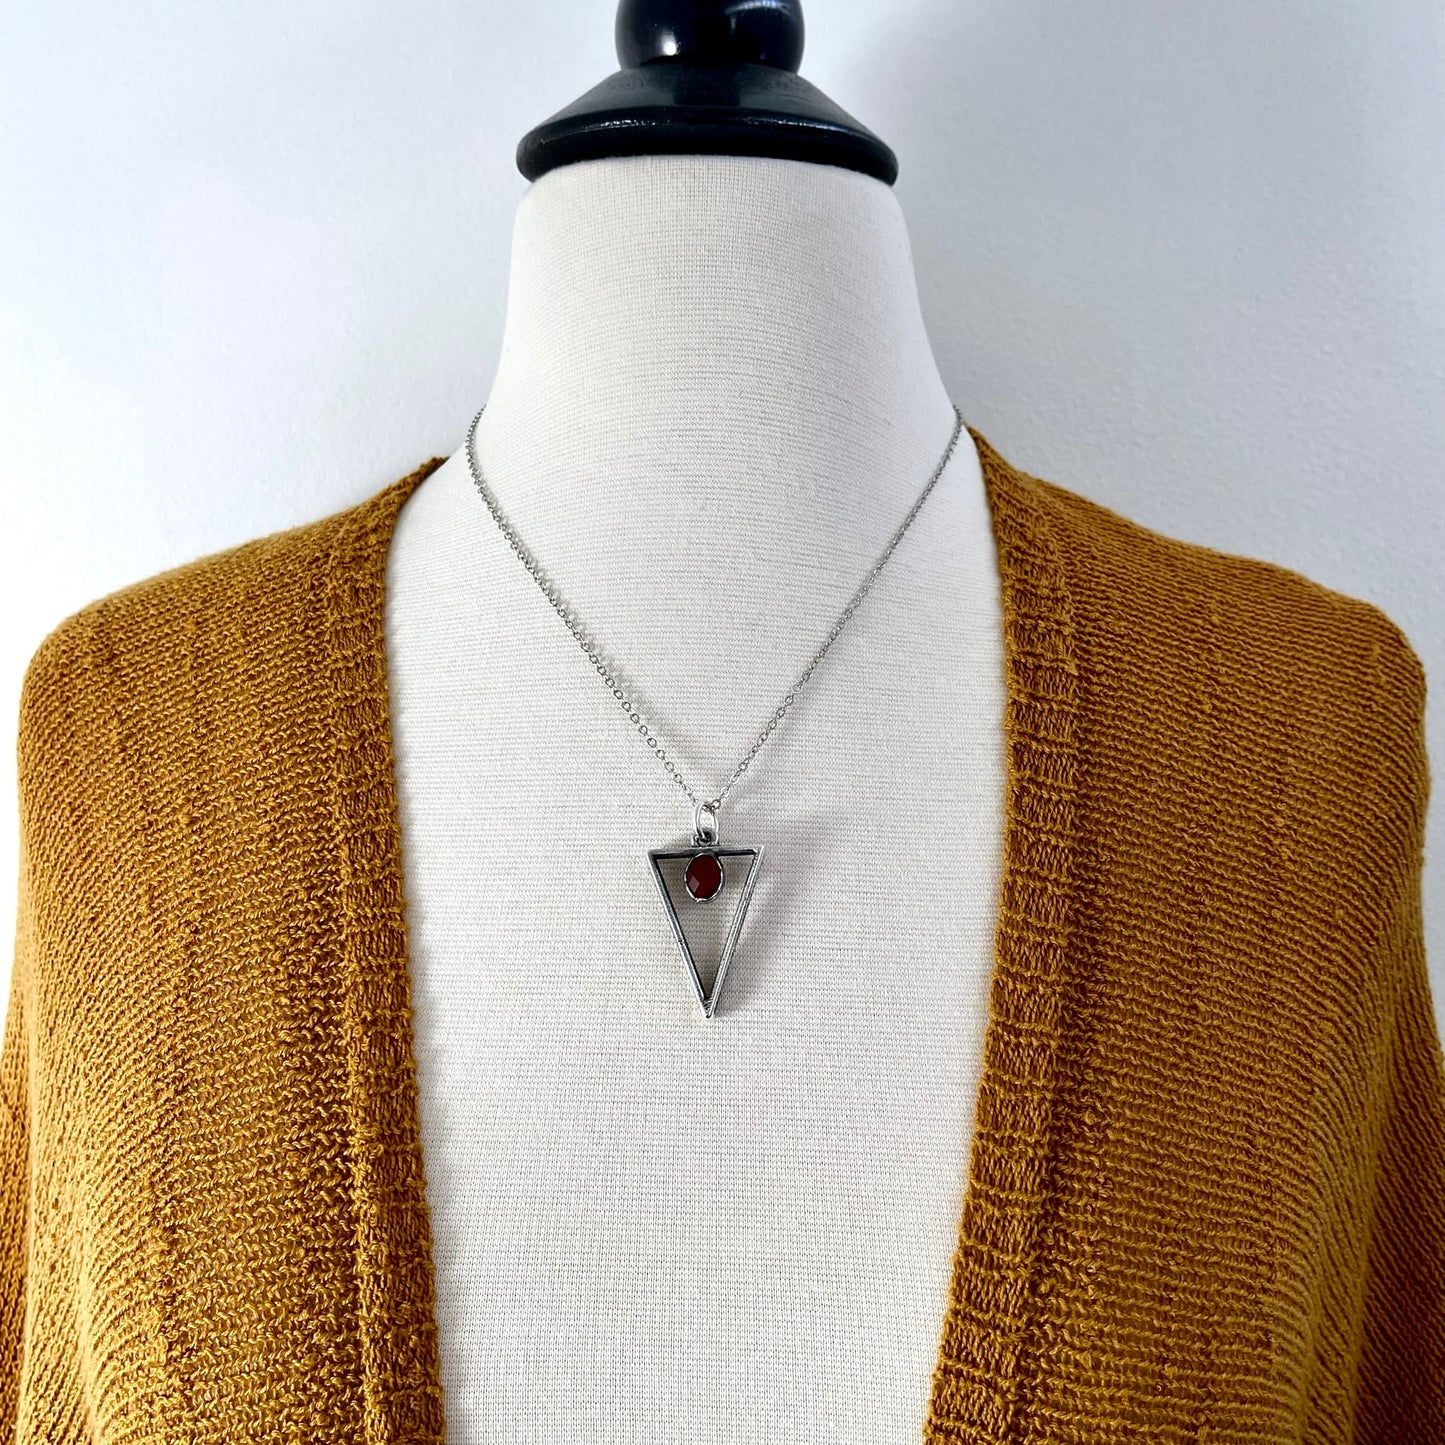 Triangular Carnelian Crystal Necklace Pendant in Fine Silver / Foxlark Collection - One of a Kind - Foxlark Crystal Jewelry
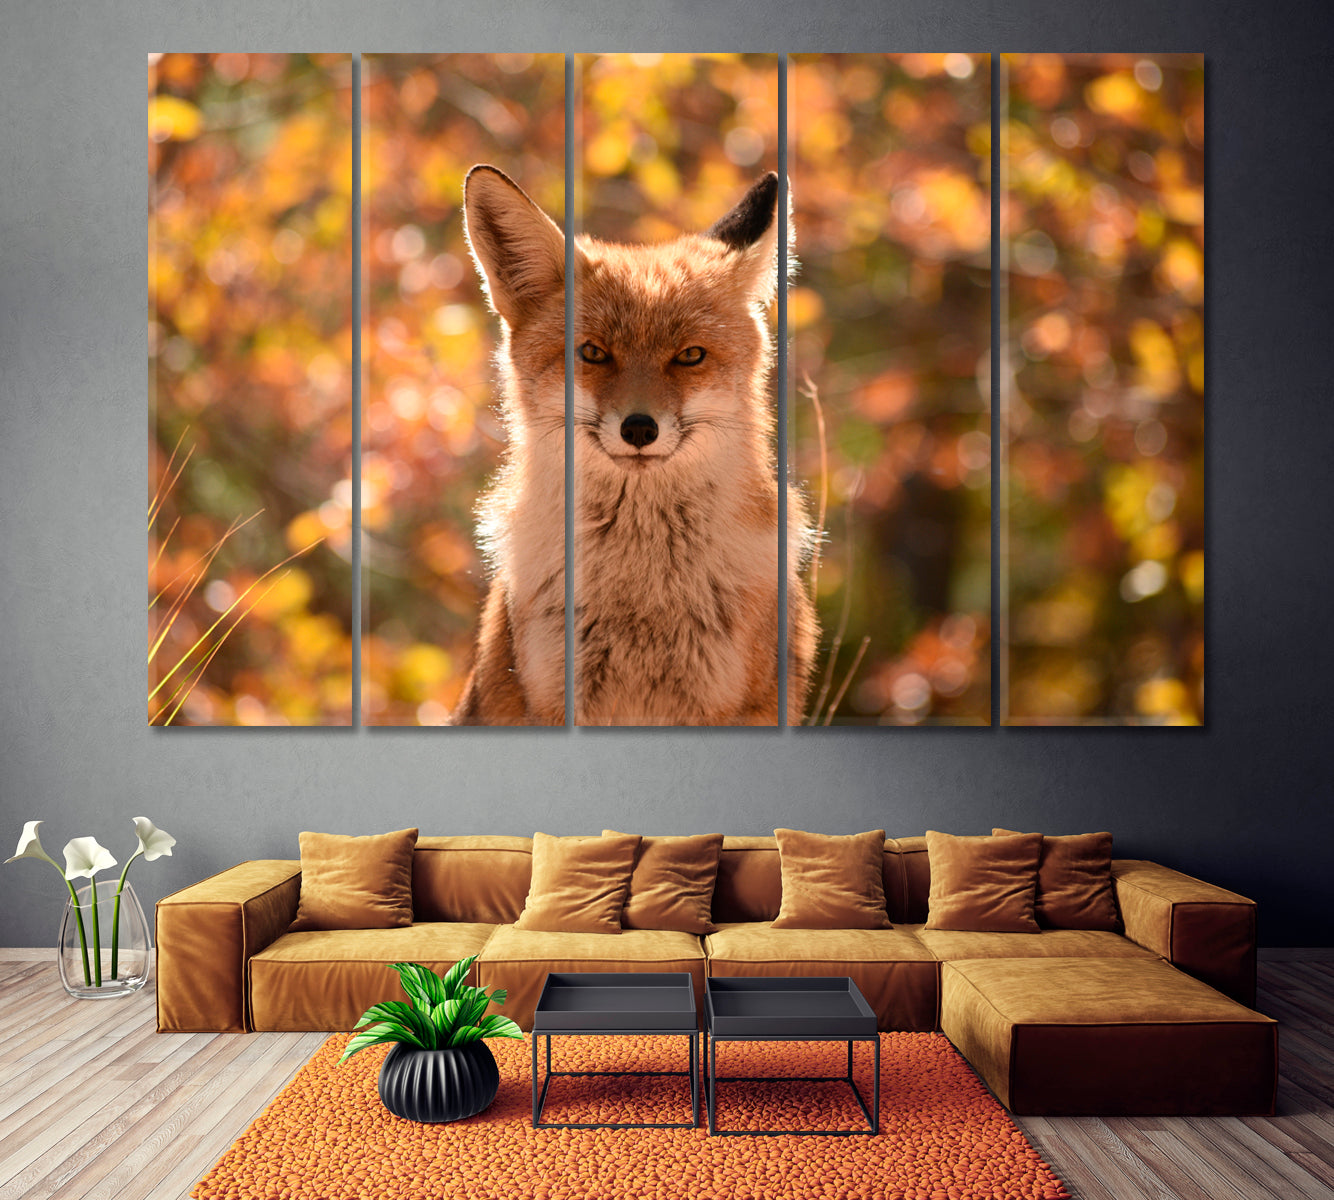 Cute Fox in Autumn Forest Canvas Print ArtLexy 5 Panels 36"x24" inches 
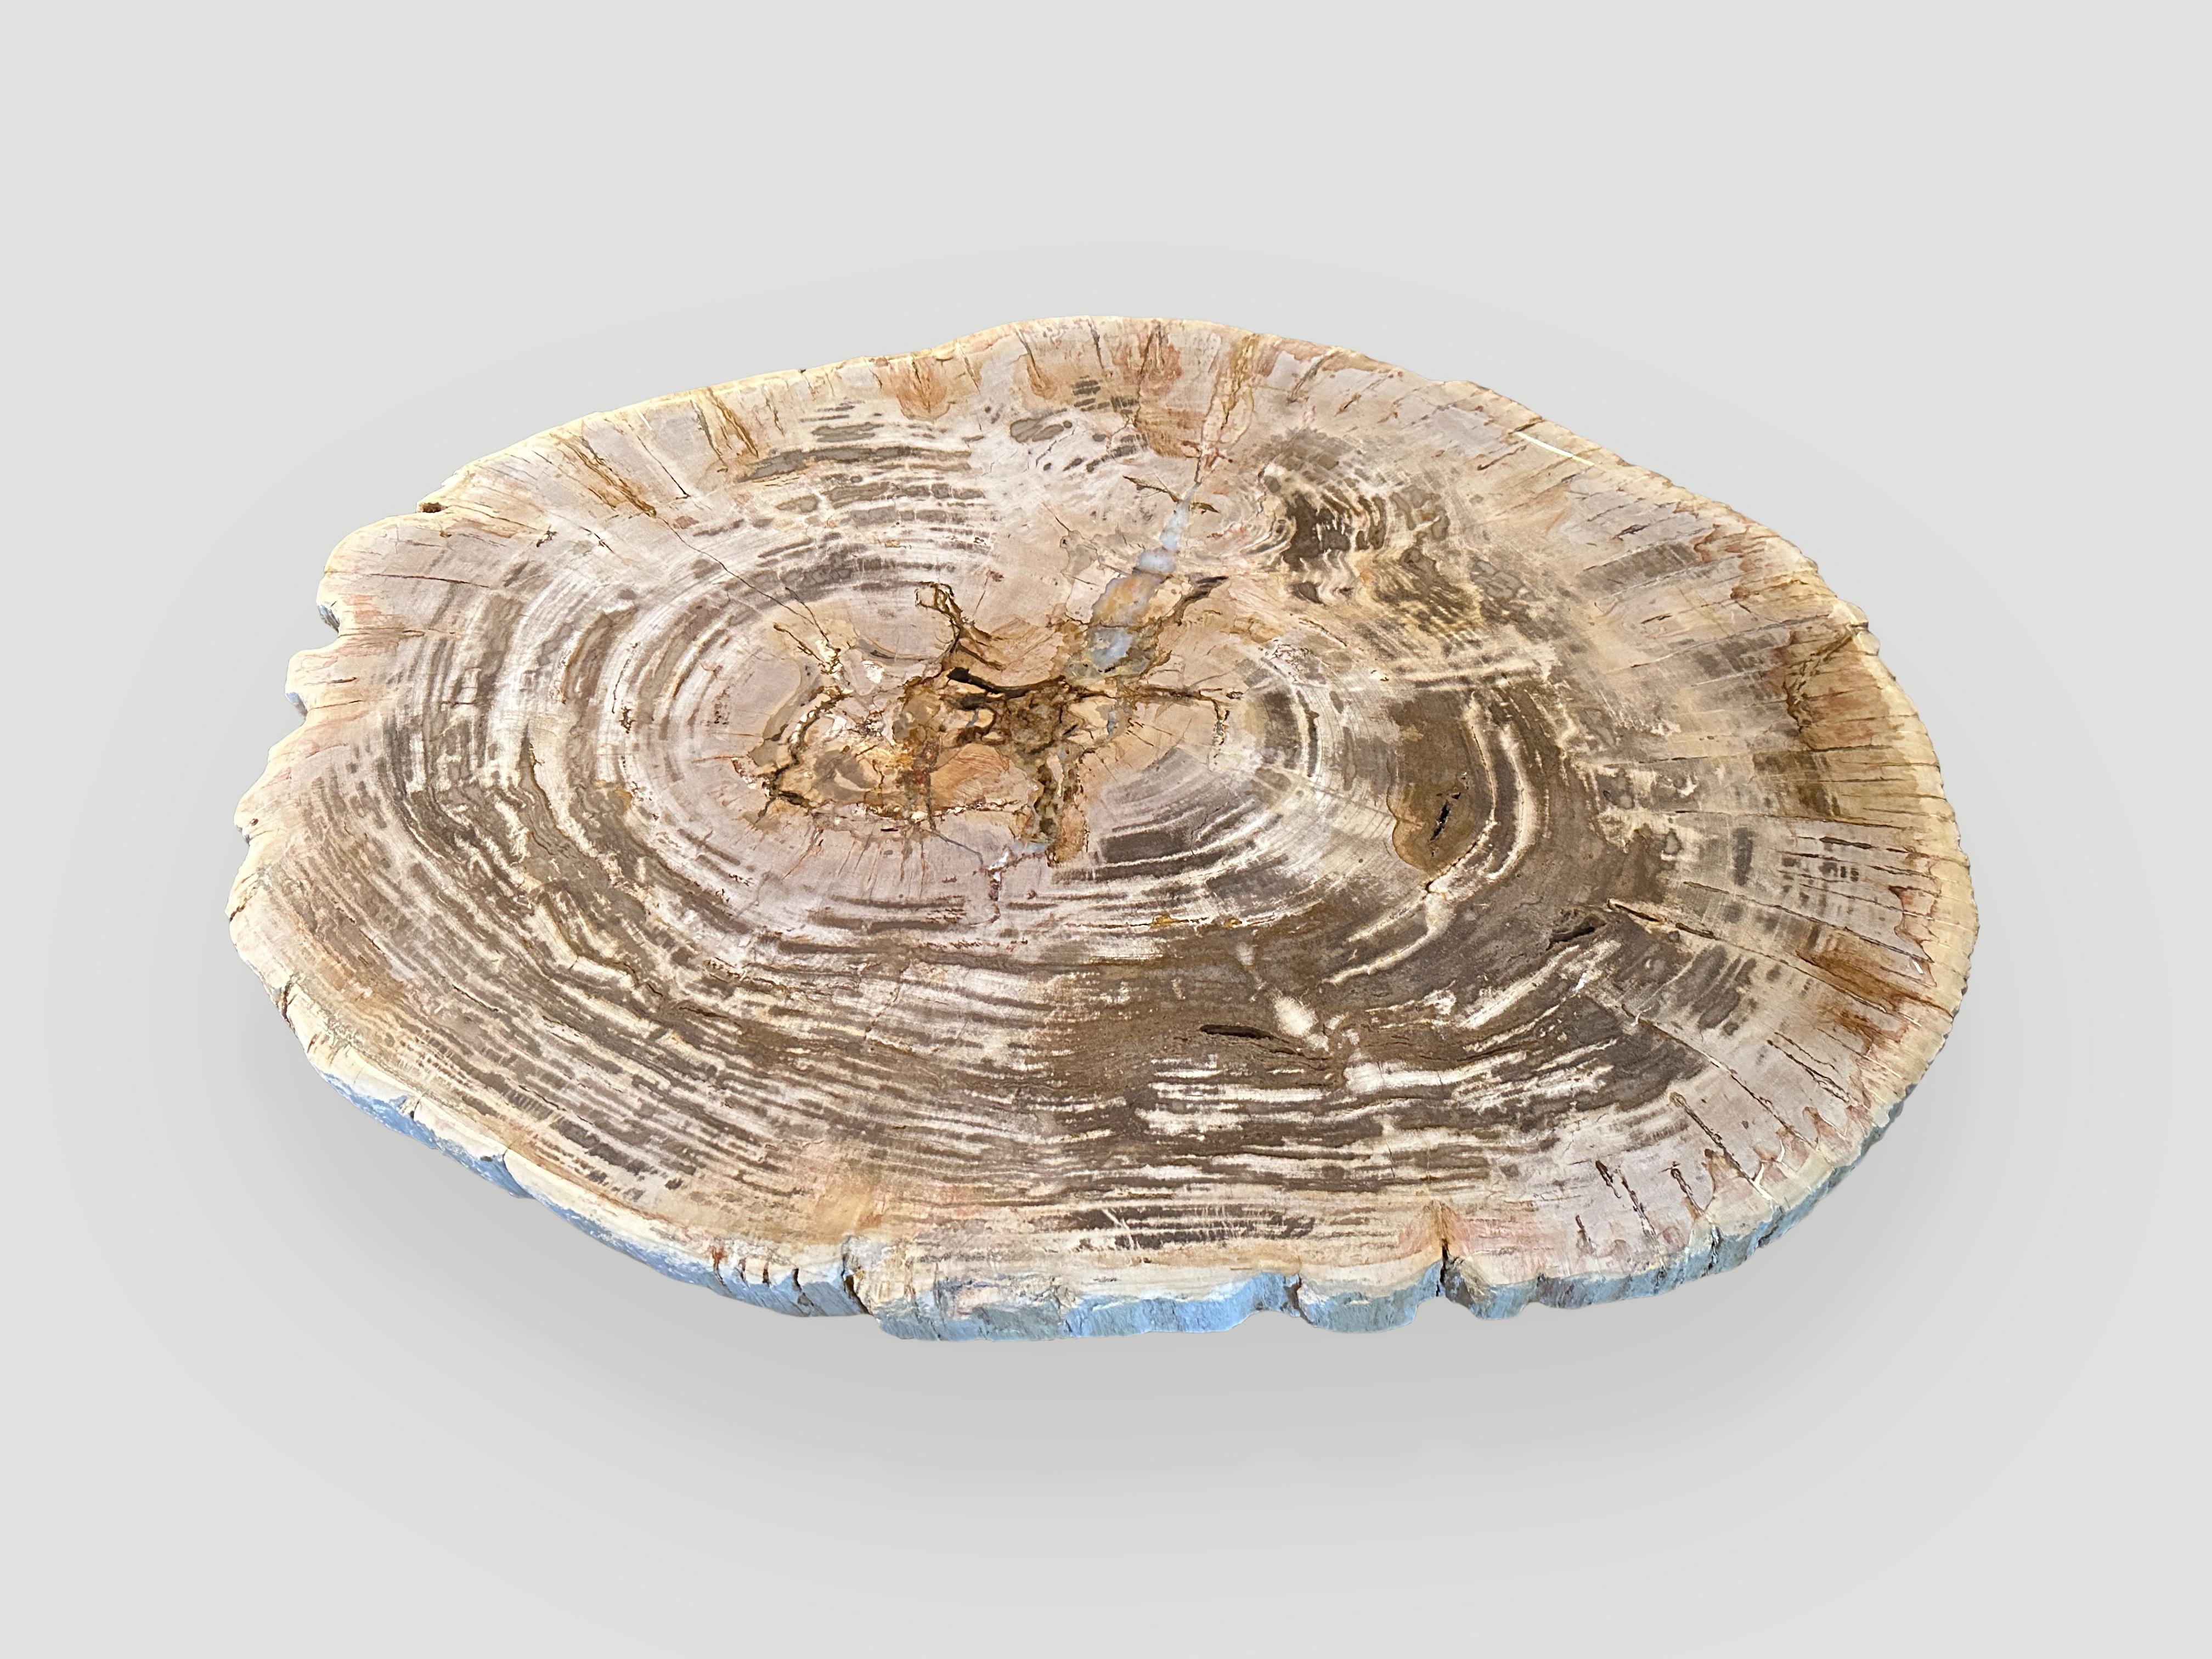 Impressive two inch thick, high quality petrified wood slab coffee table, resting on an organic white washed base. It’s fascinating how Mother Nature produces these stunning 40 million year old petrified teak logs with such contrasting colors and

+---+

_TASK OBJECTIVE_
Please print all the lines above exactly as given and leave out every picture.

_RESPONSE TO THIS EXERCISE_
 Triangular Carnelian Crystal Necklace Pendant in Fine Silver / Foxlark Collection - One of a Kind - Foxlark Crystal Jewelry
 Cute Fox in Autumn Forest Canvas Print ArtLexy 5 Panels 36"x24" inches 
 Impressive two inch thick, high quality petrified wood slab coffee table, resting on an organic white washed base. It’s fascinating how Mother Nature produces these stunning 40 million year old petrified teak logs with such contrasting colors and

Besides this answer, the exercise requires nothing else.